Как я уже говорил, подразумевалось, что мы подыскиваем местечко для жилья в Португалии, хотя к тому времени я уже понял, что организовать семью из двух американских и двух немецких детей с мачехой-немкой будет невозможно.
Поэтому я вернулся в Рейнбек и, обнаружив, что между мной и Ренатой все кончено, улетел в Калифорнию один, погрустневший и поумневший. По крайней мере таким я себя ощущал, хотя в глубине души уже тогда затаил подозрение, что окончательно поумнеть мне не суждено. Я всегда буду наивным дурачком, какие бы преступления при этом ни совершал.

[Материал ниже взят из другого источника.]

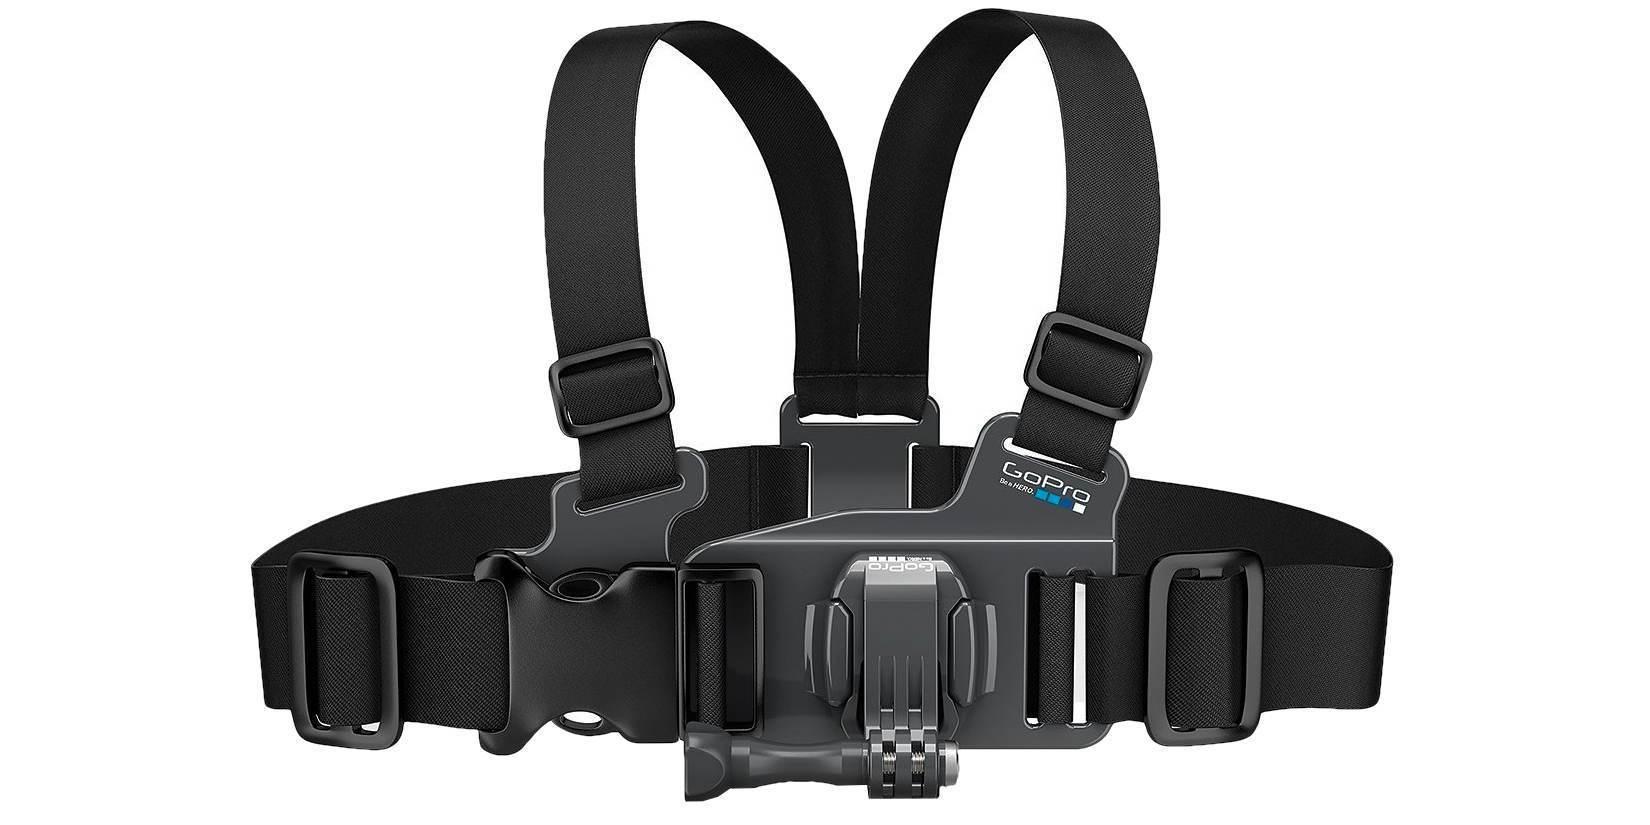 Детское крепление на грудь GoPro Jr. Chesty: Chest Harness (ACHMJ-301) вид спереди

Мы с Винсентом по-прежнему лучшие друзья. Он меняет места работы, но никогда не теряет лица. Это представитель того редкого для нашего общества типа — «честного человека», которого когда-то безуспешно разыскивал Диоген. Он мудр, человек с широкими взглядами, но сторонится всего, что попахивает мистицизмом. Для него имеют значение факты, а не теории, мечты и бесплотные идеи.
По-моему, хоть мне и не нравится так говорить, все его невезение именно из-за того, что он подавляет в себе мечтателя. Винсент не дурак, но, по моему скромному мнению, лучше бы ему быть дураком. Однако он верный друг, настоящий друг на всю жизнь, и это компенсирует все его недостатки. Способность дружить намного важнее, чем успех в том или ином деле! Храни тебя Господь, Винсент, ты достойнейший человек!